Dataset content

====================

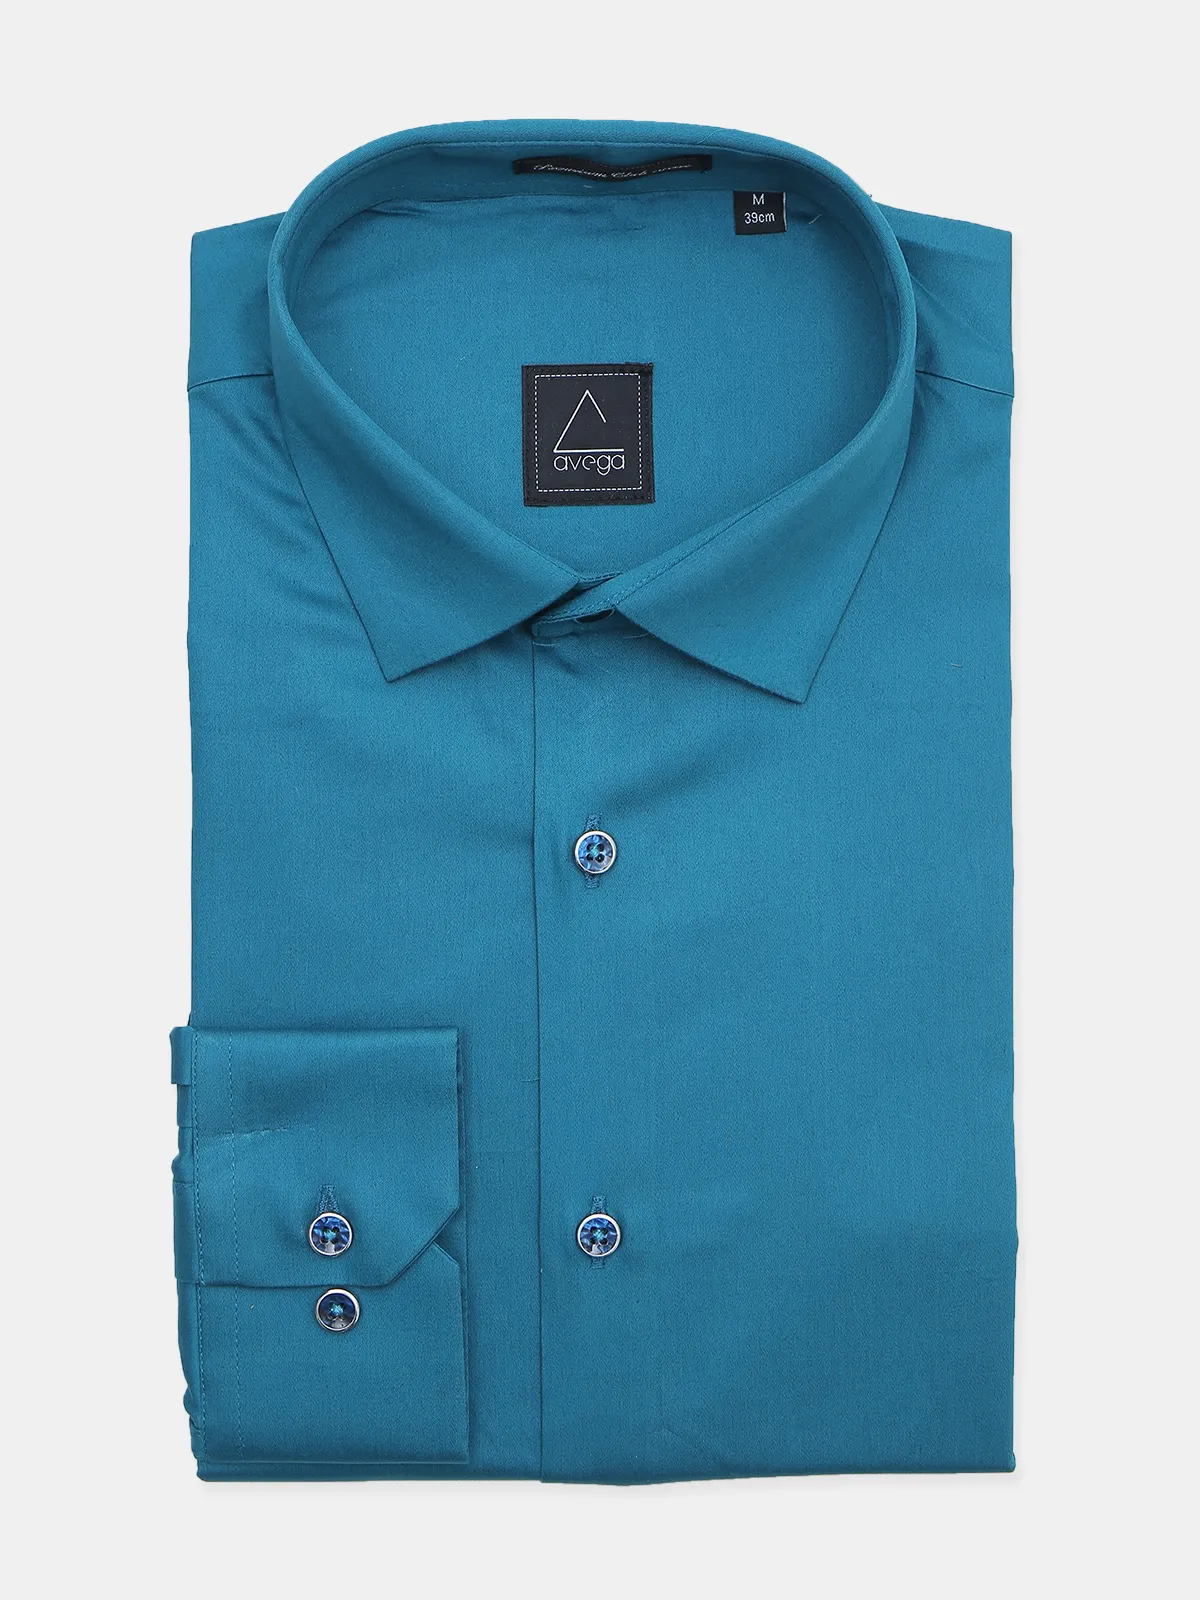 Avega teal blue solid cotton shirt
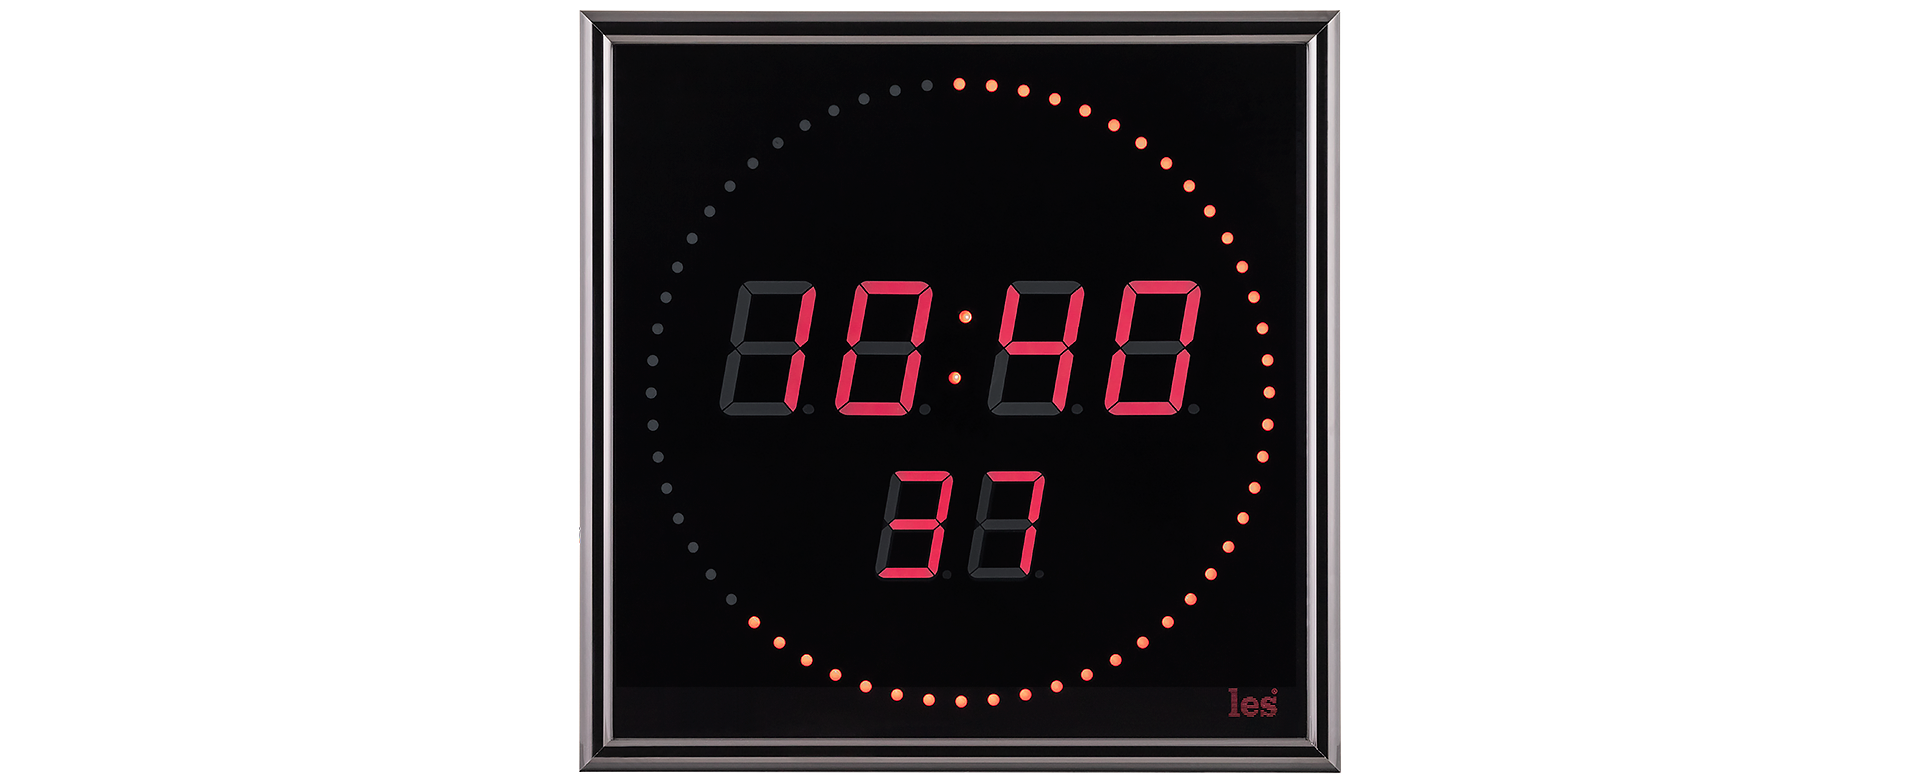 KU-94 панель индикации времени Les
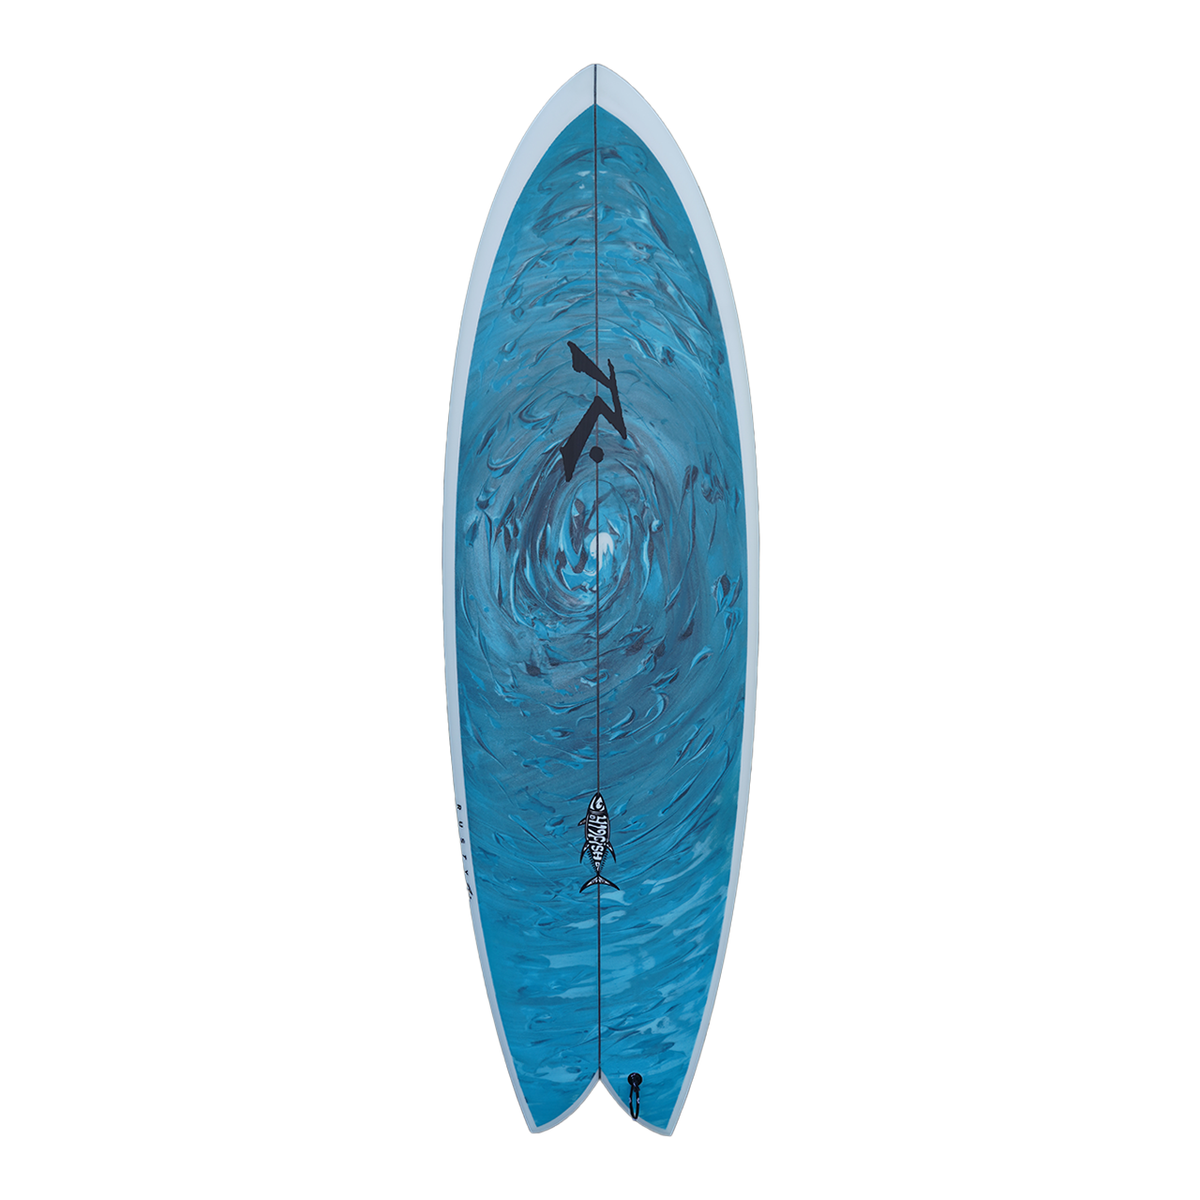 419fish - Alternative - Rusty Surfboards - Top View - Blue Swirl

====================

Task to complete
All that is needed is the span from the line with "KU-94 панель индикации времени Les" through the last line of the material above, reproduced exactly and free of pictures.

The completed task
 KU-94 панель индикации времени Les
 419fish - Alternative - Rusty Surfboards - Top View - Blue Swirl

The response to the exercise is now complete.